(What the exercise asks): The whole listing, except its pictures, is to be repeated exactly.

(Recorded information):
::::
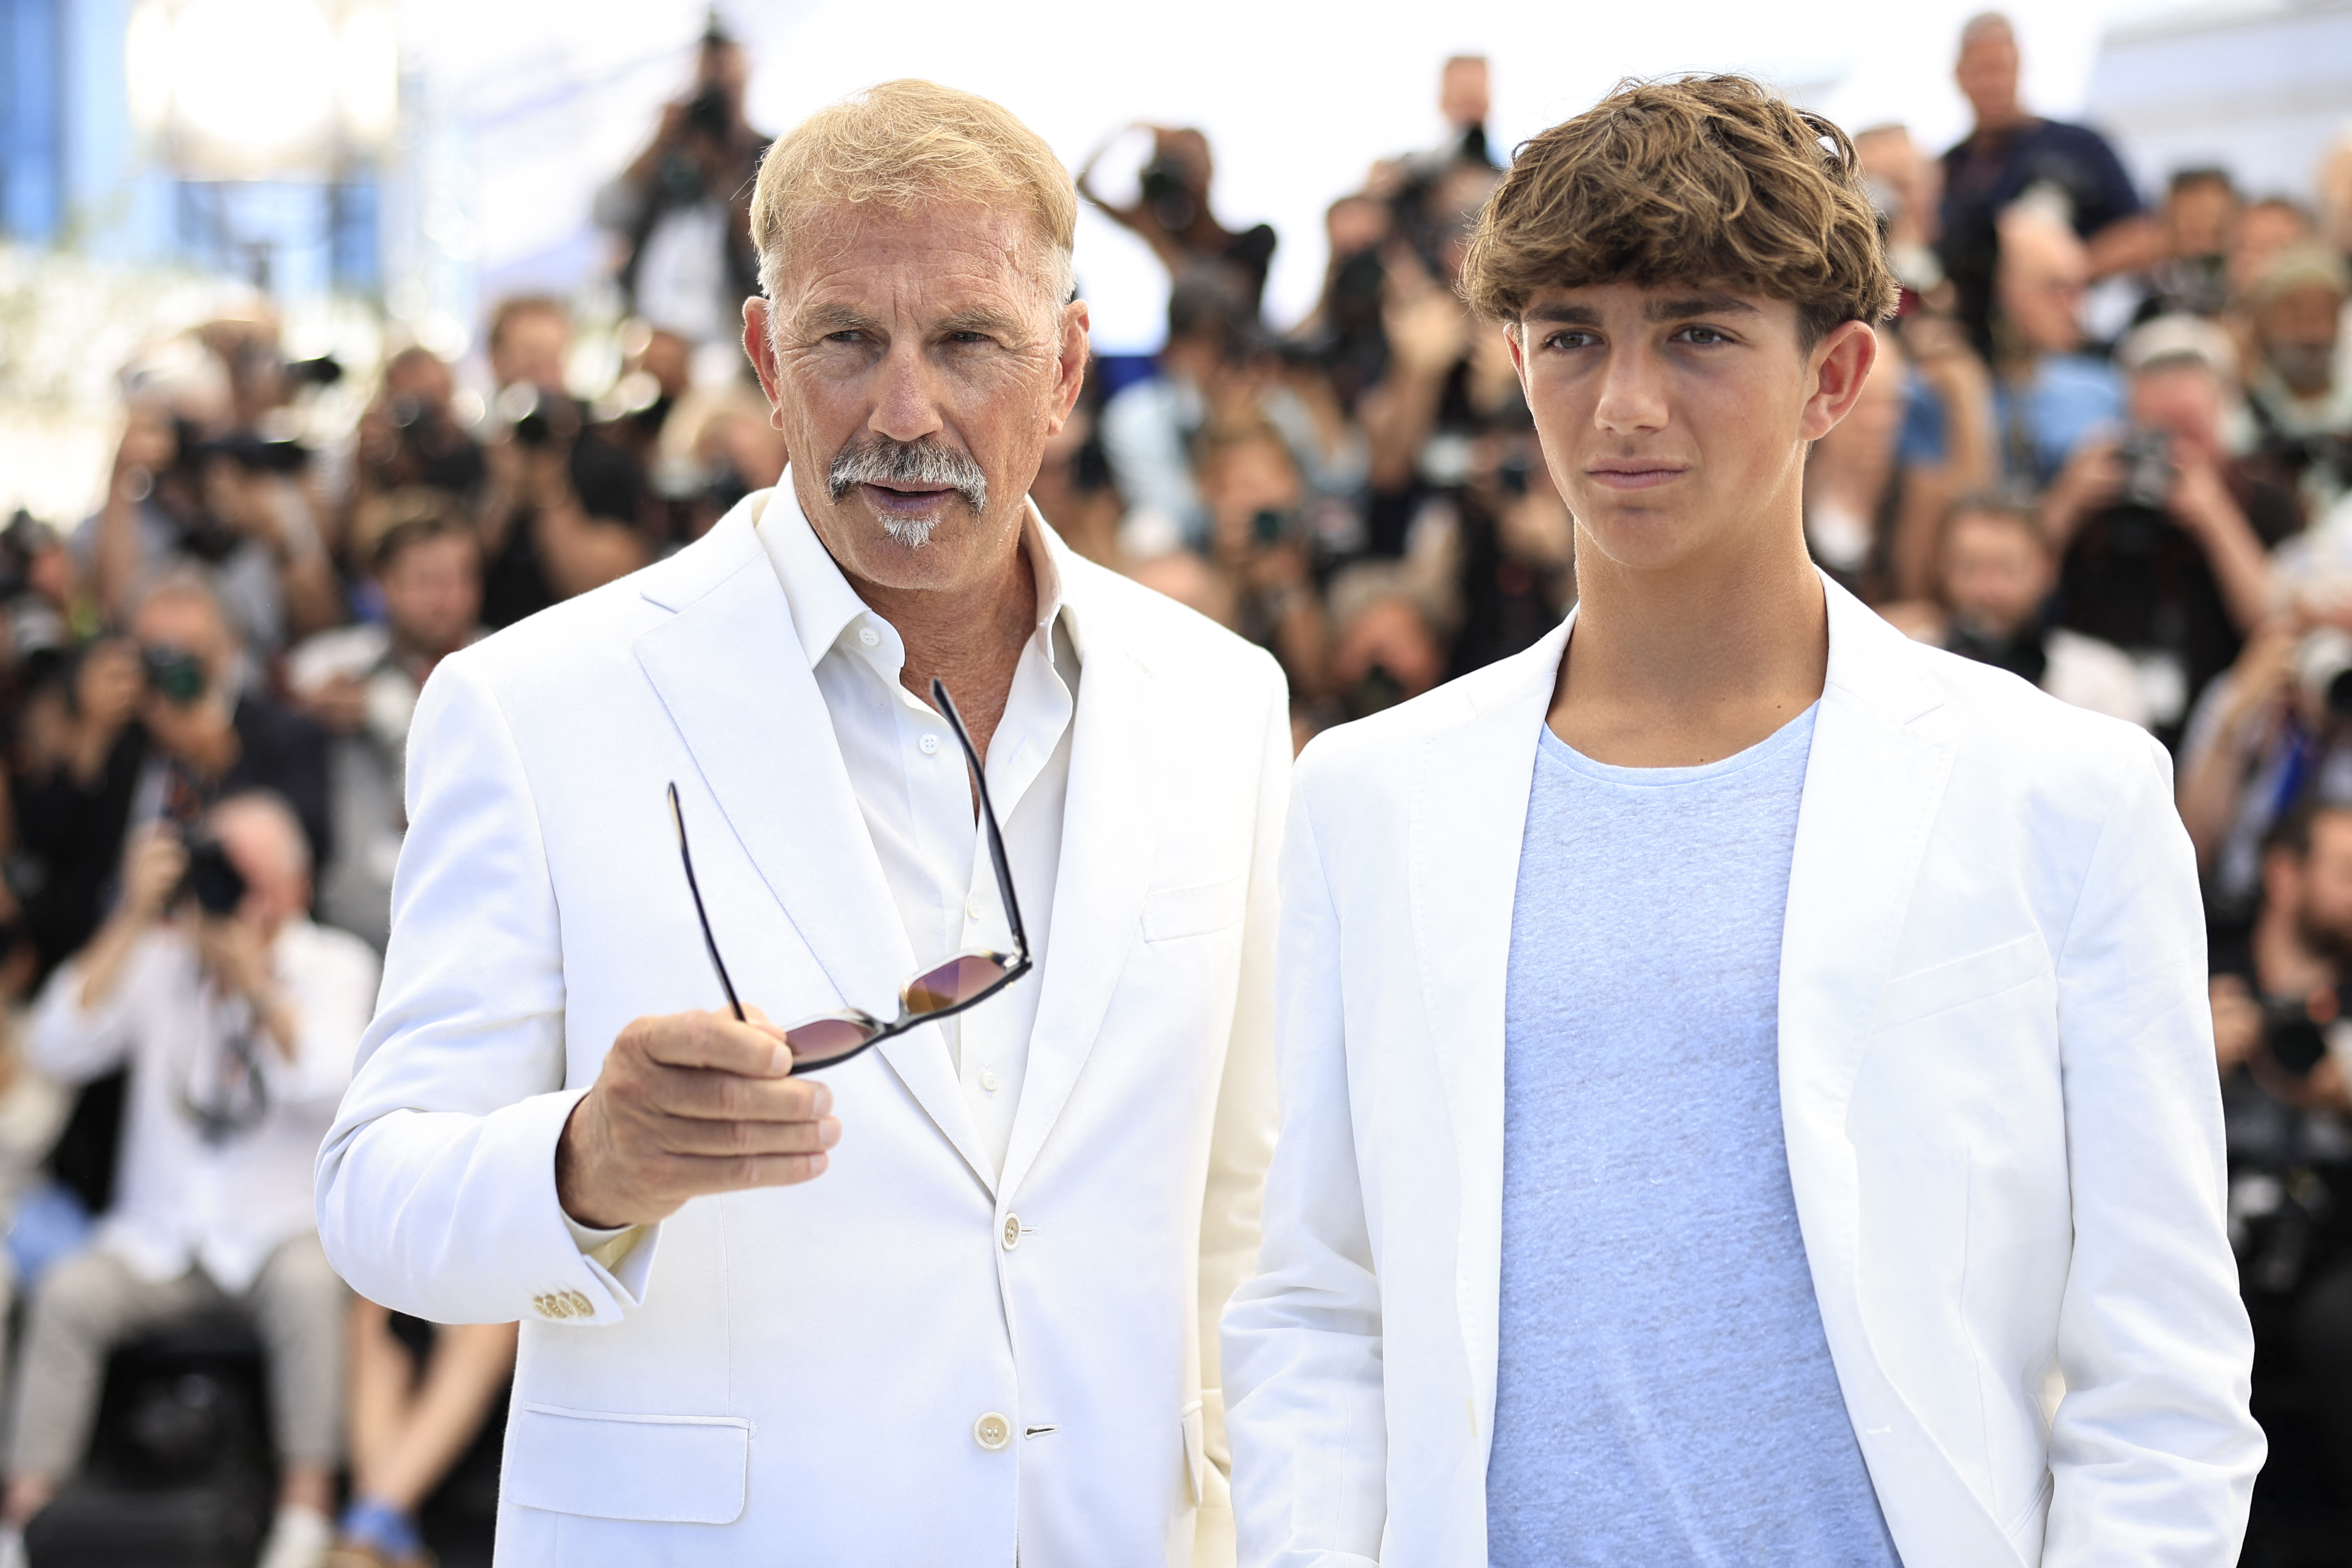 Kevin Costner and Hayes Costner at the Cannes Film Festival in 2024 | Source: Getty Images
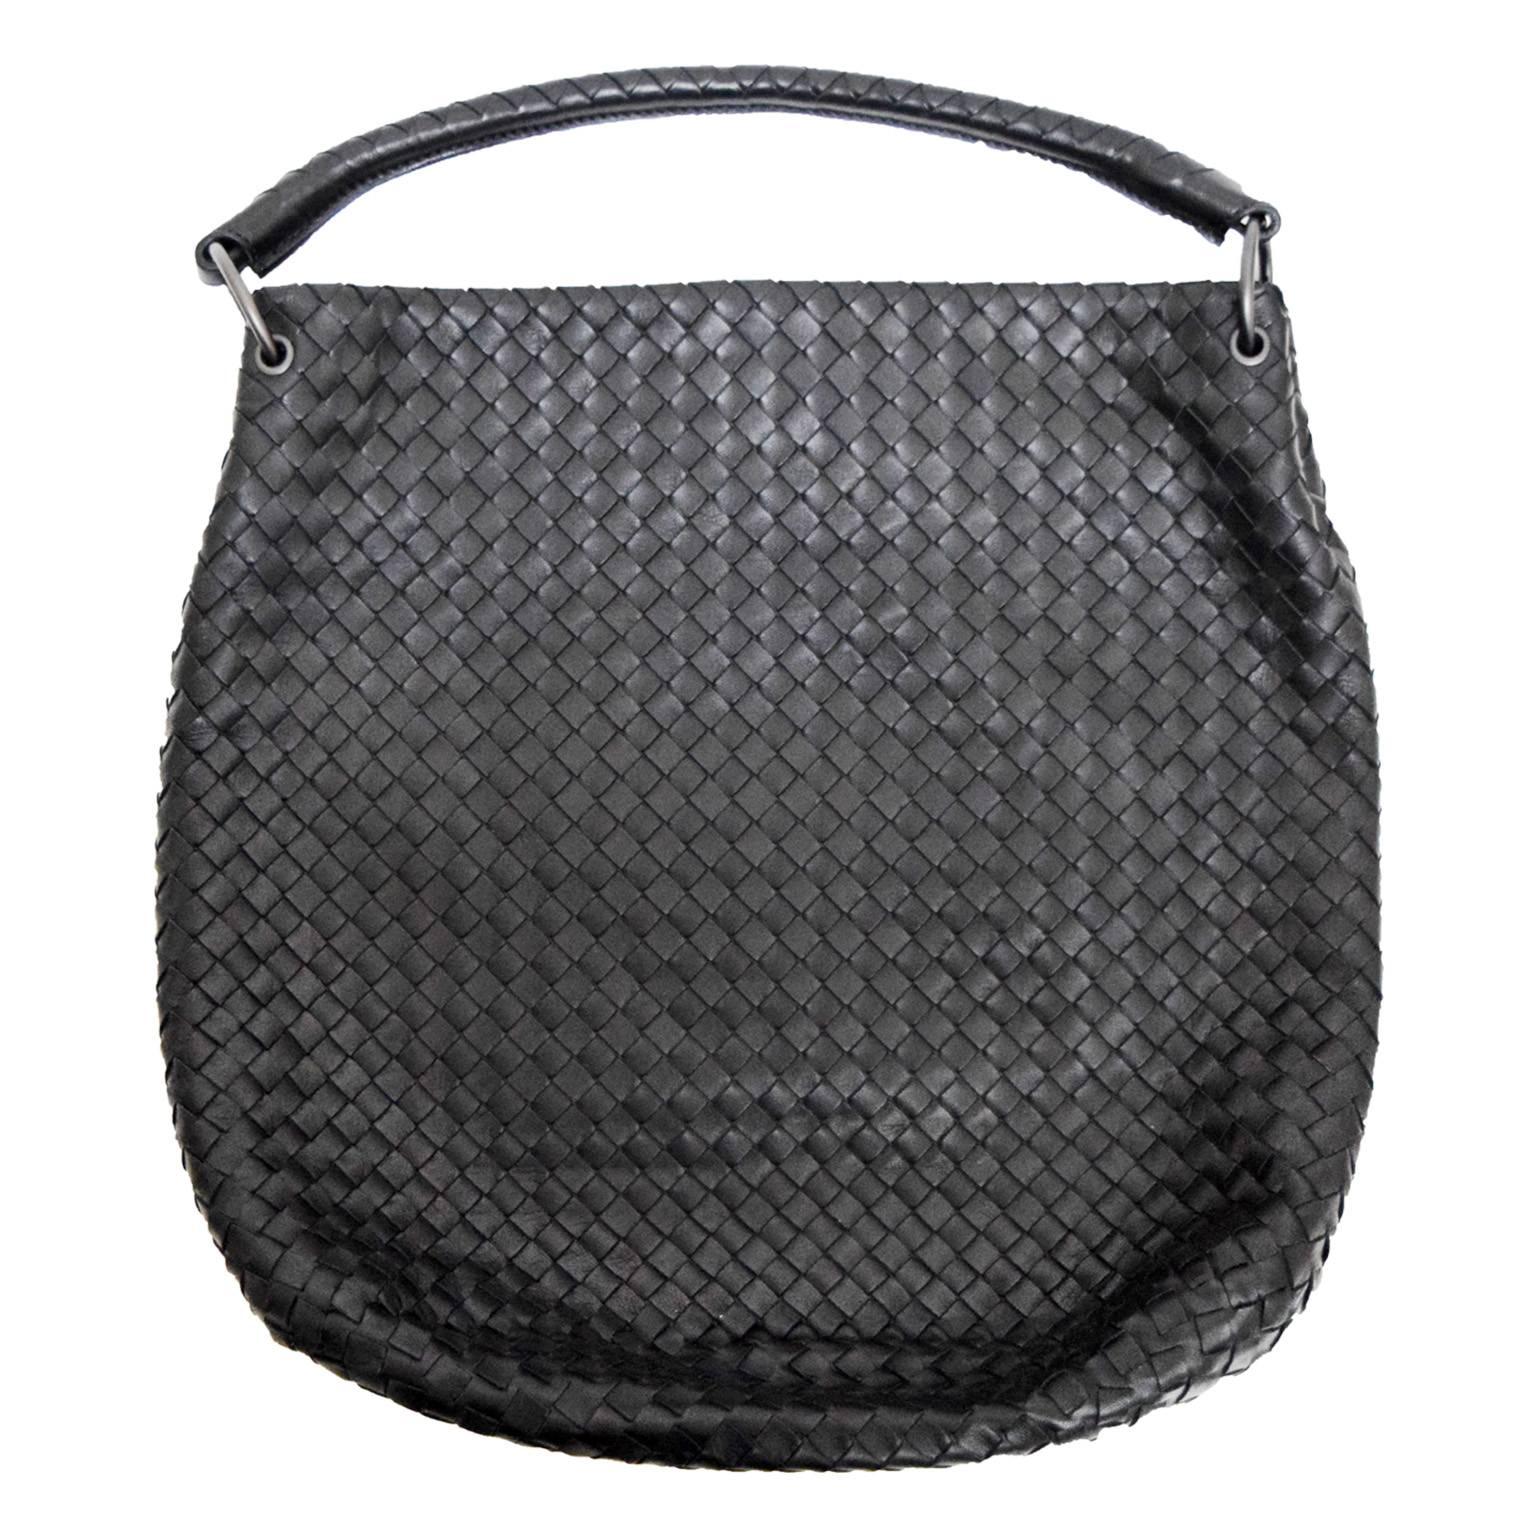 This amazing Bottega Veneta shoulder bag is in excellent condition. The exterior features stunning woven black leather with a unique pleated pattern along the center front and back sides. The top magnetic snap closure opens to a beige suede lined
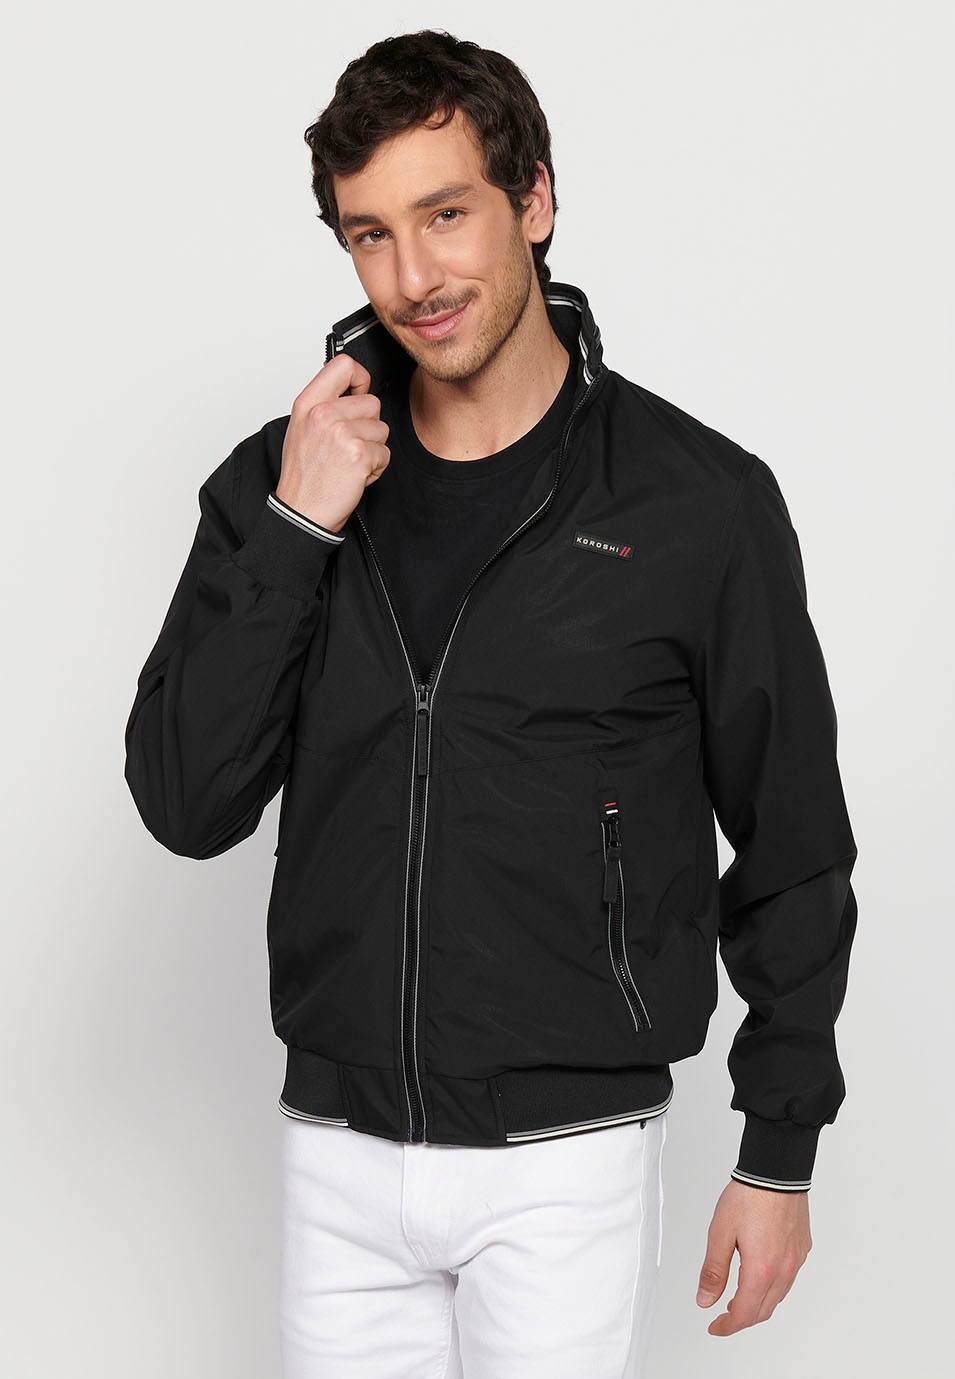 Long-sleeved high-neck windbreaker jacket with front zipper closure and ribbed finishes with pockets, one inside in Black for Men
::::
(Finished exercise):
 Kevin Costner and Hayes Costner at the Cannes Film Festival in 2024 | Source: Getty Images
 This amazing Bottega Veneta shoulder bag is in excellent condition. The exterior features stunning woven black leather with a unique pleated pattern along the center front and back sides. The top magnetic snap closure opens to a beige suede lined
 Long-sleeved high-neck windbreaker jacket with front zipper closure and ribbed finishes with pockets, one inside in Black for Men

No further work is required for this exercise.